GDP per capita in Turkey
Turkey - GDP per capita (U.S. Dollars)
Economic growth beats expectations in Q2
The Turkish economy expanded 7.6% year on year in the second quarter. This came in above the first quarter’s 7.5% expansion and market analysts’ expectations of 7.5%.
The stronger growth reading was driven by a quicker expansion in private consumption (Q2: +22.5% yoy; Q1: +21.5% yoy). Household spending has been buoyed by demand for both goods and services amid deeply negative real interest rates driving fewer savings and fueling spending. An uptick in fixed investment expenditure growth (Q2: +4.7% yoy; Q1: +4.2% yoy) also provided support on the domestic side. On the other hand, government consumption increased at a softer clip of 2.3% in the second quarter, following the first quarter’s 3.1% expansion.

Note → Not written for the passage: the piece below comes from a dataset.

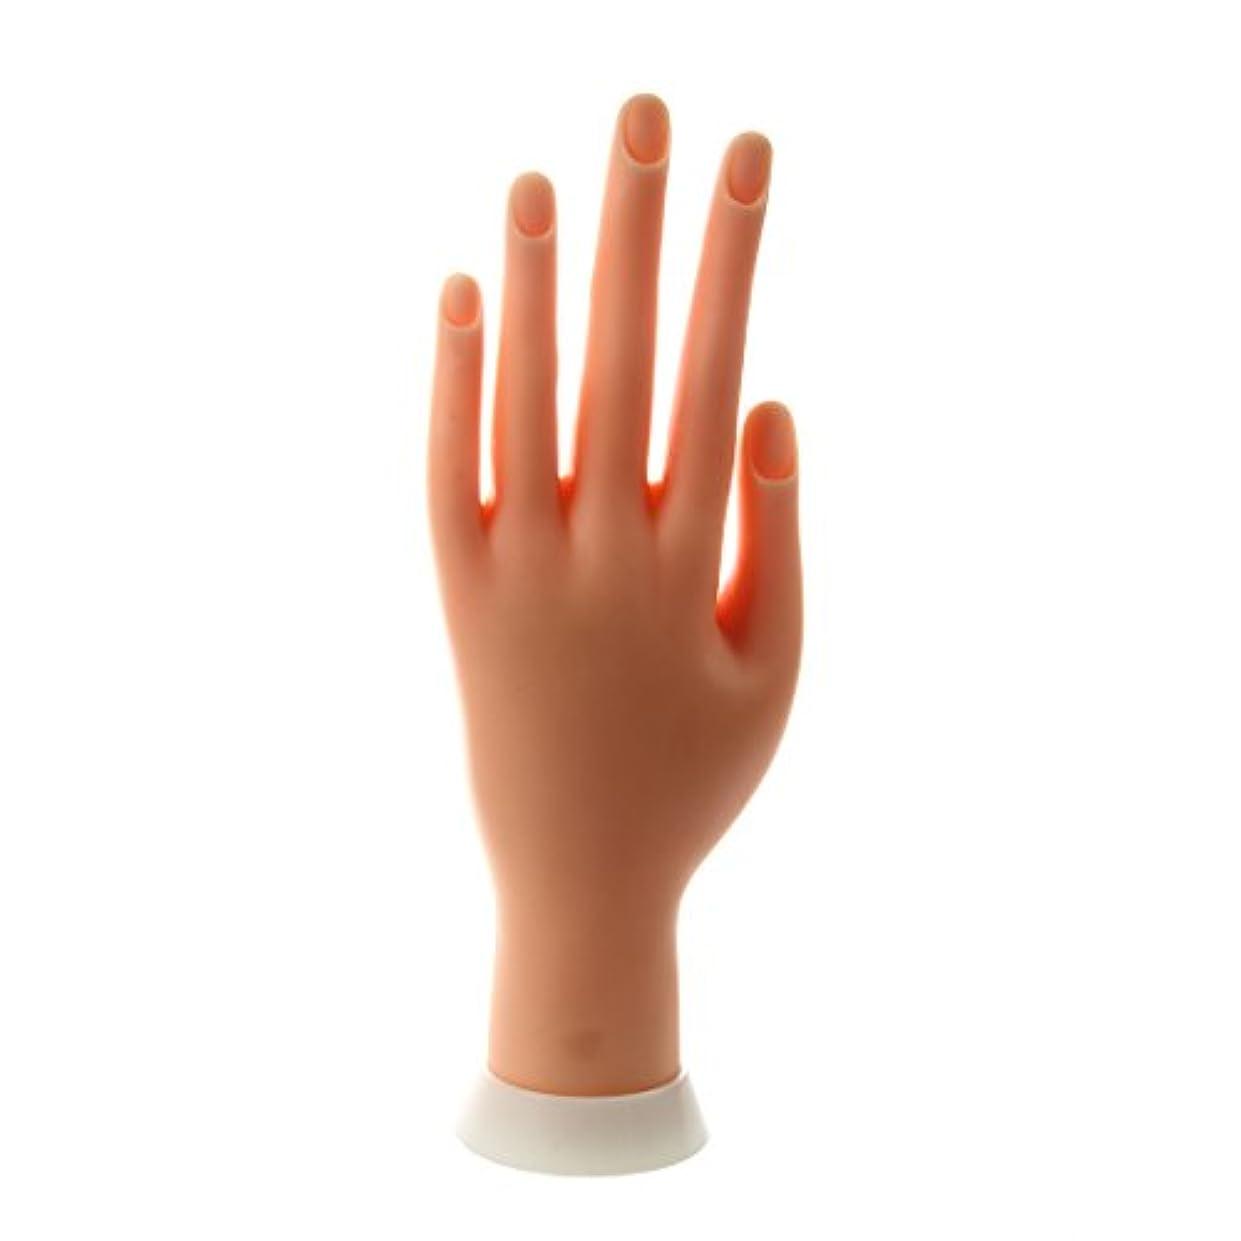 ショットこねるむしろACAMPTAR ACAMPTAR(R) ネイルアートの練習のためのモデル左手

On the external front, exports of goods and services expanded 16.4% in the second quarter (Q1: +14.8% yoy), buoyed by a cheaper lira making Turkish goods exports more competitive and a strong influx of tourists in the period. Imports of goods and services, meanwhile, grew 5.8% in the period, after increasing 2.2% in the first quarter.
On a seasonally-adjusted quarter-on-quarter basis, economic growth rose to 2.1% in the second quarter from 0.7% in the first quarter. This signaled firming momentum, despite by red-hot inflation and depressed consumer sentiment.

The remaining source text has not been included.